For many years, people have advocated that the Associated Press, known as the “AP” scrub their past criminal mistakes from their archives. John Daniszewski, standards vice president at AP described some of the requests as “heart-wrenching”. They’ve made the decision to no longer name criminals of minor crimes in articles that are not likely to have future developments. Oftentimes, the names of these named people are irrelevant and the story may hinge on strange or interesting quirks about the crime.
It does not matter if the crime story is big or small, the name of the accused is often still added to the story. A less significant story may just mention details from the police report. However, a larger story, that might be discussed among friends or family, is likely to include interviews with acquaintances, or more intense investigations into the accused’s past.
“I received a very moving letter from a man who, as a college student, had been involved in a financial crime,” Daniszewski recalled in an interview with us, both media ethics scholars. The man’s life had been upturned, when his friends were shocked to find out about their friend’s criminal past. He even had to convince his fiance that was not a shady criminal.

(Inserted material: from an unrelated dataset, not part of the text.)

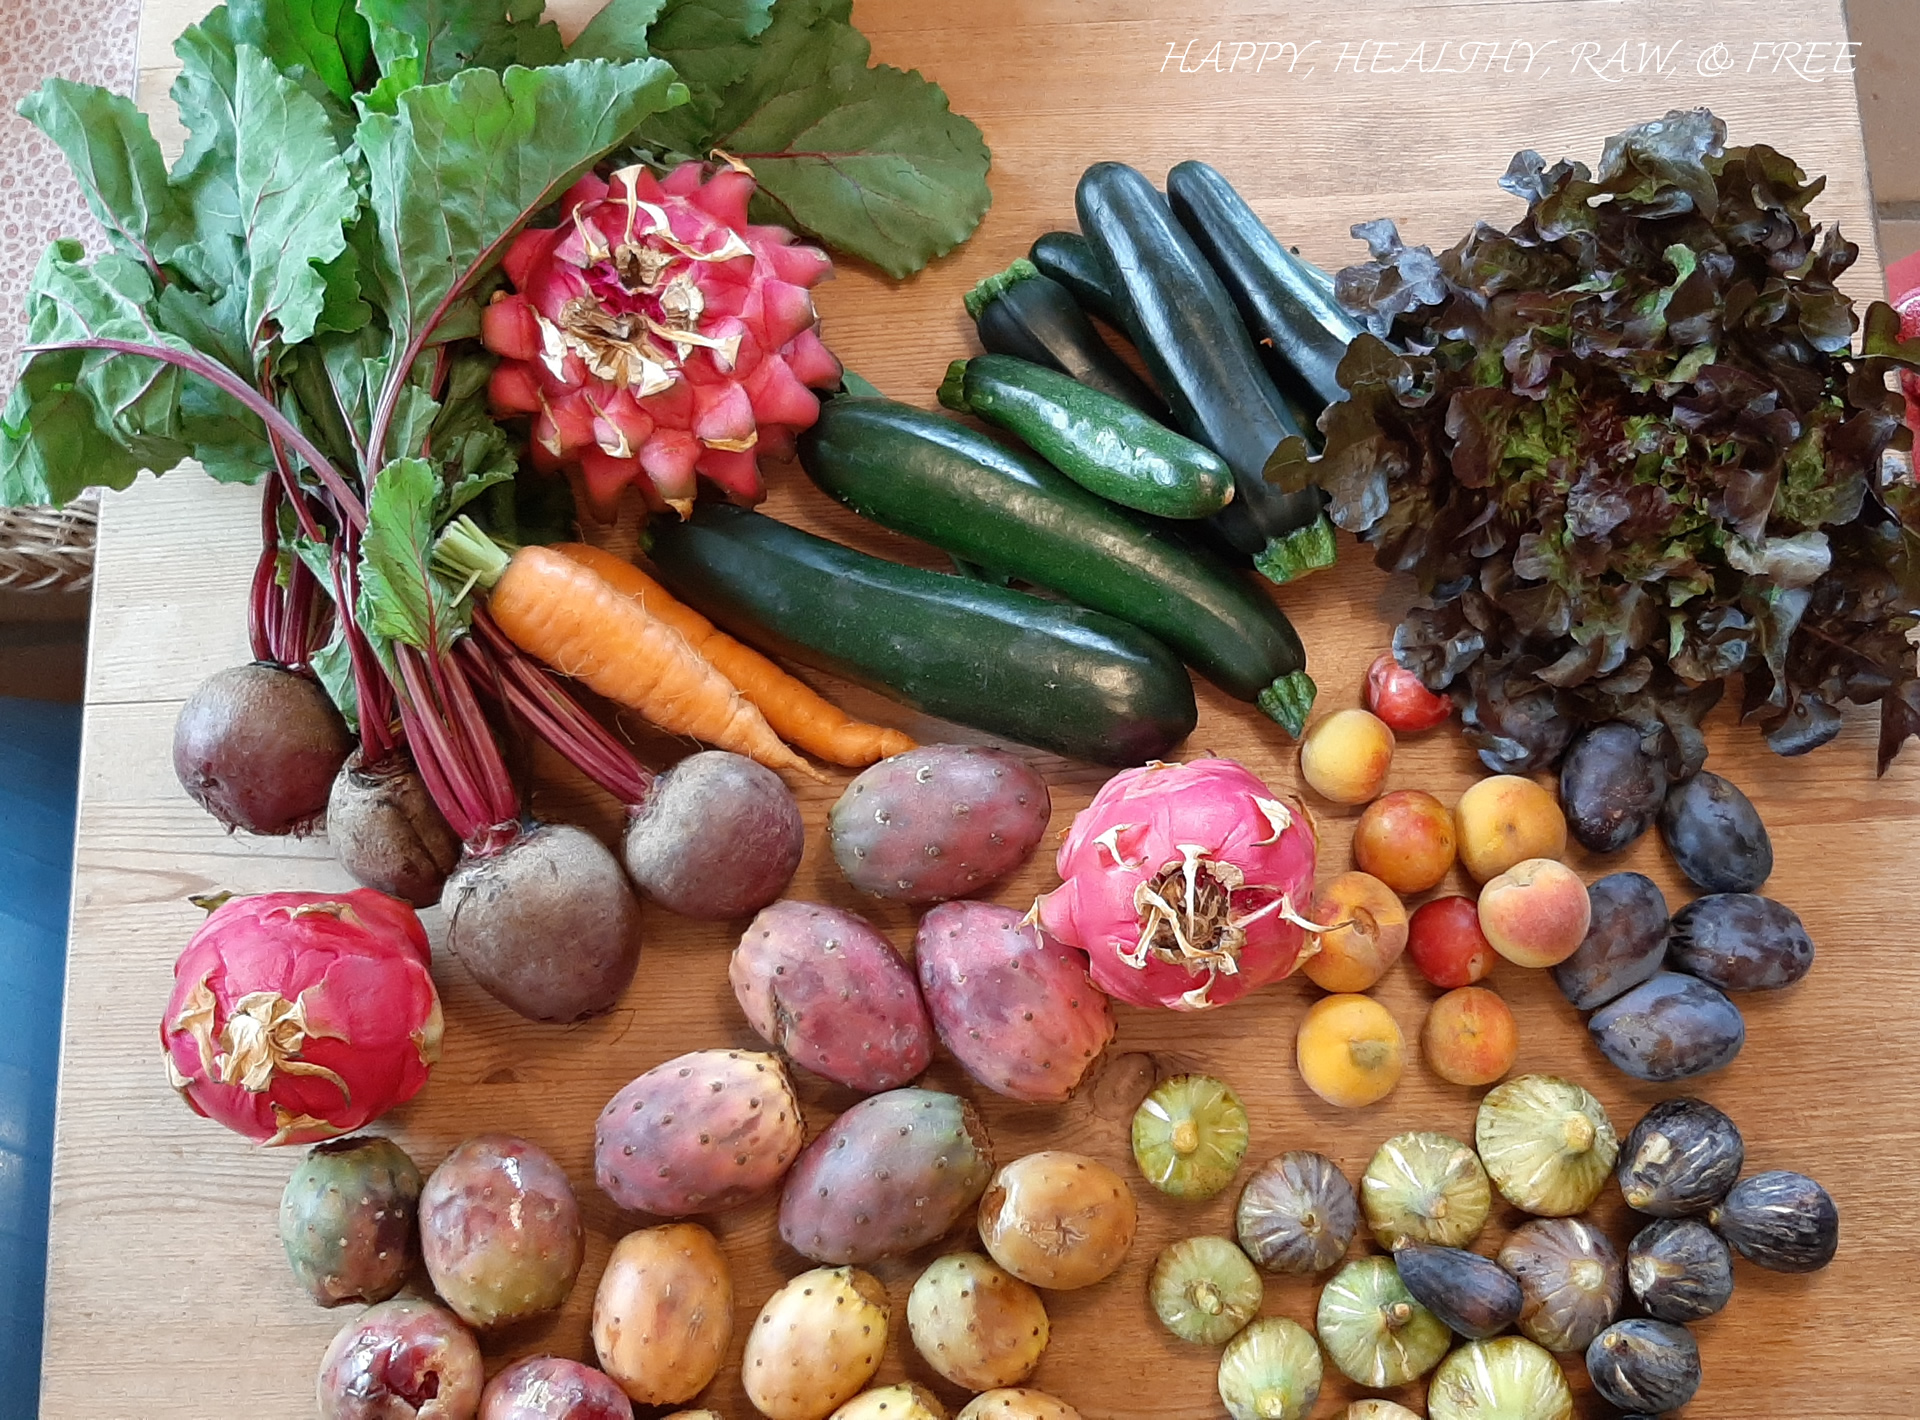 Roh veganer Wocheneinkauf auf dem Bauernmarkt - Happy Healthy Raw & Free

Oftentimes, people’s arrest stories, from ten or fifteen years ago, may appear in the top of Google search results for the person’s name, even if they were not convicted, or courts had expunged their criminal records. It can bar them from renting apartments, getting jobs, or even cause issues while dating.

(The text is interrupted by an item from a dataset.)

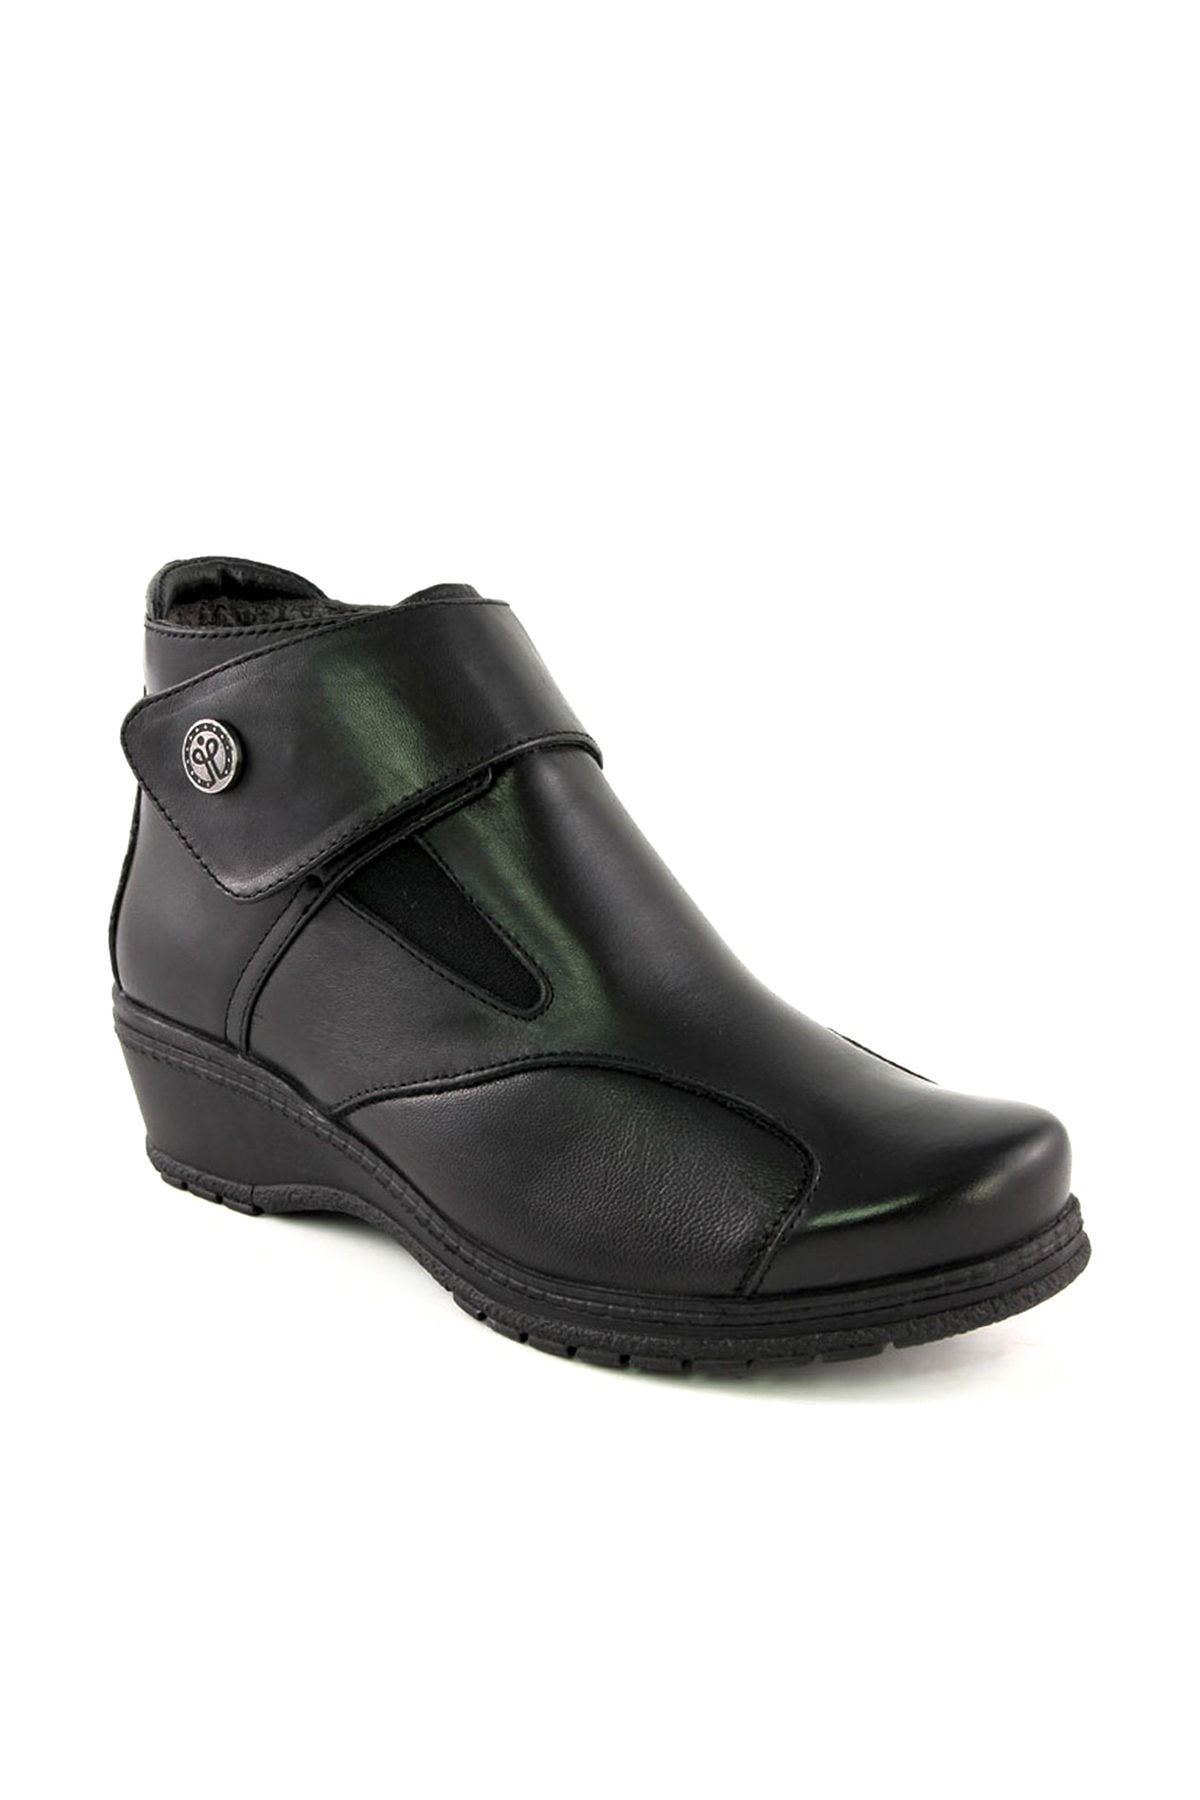 Forelli Vıonıc-k Klasik Kadın Bot Ayakkabı Siyah

AP’s new policy is undoubtedly related to the recent shift in how Americans view of politics and culture and the changes from the racial justice movement.
There is a tradition of a “tell-all” policy of American journalists that differs from most European publications. In Germany, Dutch and Sweden, the identity of most criminal defense suspects is protected. They may use just initials or the first name and last initial of the suspect. German courts even went as far as to say identifying suspects in public documents affects their ability to “resocialization” and “right to personality” or reputation.
The majority of American reporters might regret the repercussions of publicly naming suspects, but they simply see it as collateral damage. They view themselves as watchdogs for the police and government. They have an inherent belief that the United States public has the right to this information.
The Boston Globe began the “Fresh Start Initiative” this past year, which allows people to repeal their presence in older stories about crimes that are online. It might include republishing the story with new information, or even removing it from Google search results. However, all final decisions do come to Globe’s discretion.
Journalists in all ten countries that were interviewed do agree on one thing – and that is that politicians must be publicly named after they committed a crime. Their views on private individuals committing crimes is radically different. American has the highest rates of incarceration in the world, with 2.1 million people in prison, with disproportionately amounts of people of color of the incarcerated population. As America has begun to make a reckoning with their long history of racism, the cultural shifts have been accounting for the inequalities towards Black and Latino people have included how reporting for small crimes, like marijuana possession, and drug possession can have detrimental repercussions on one’s future.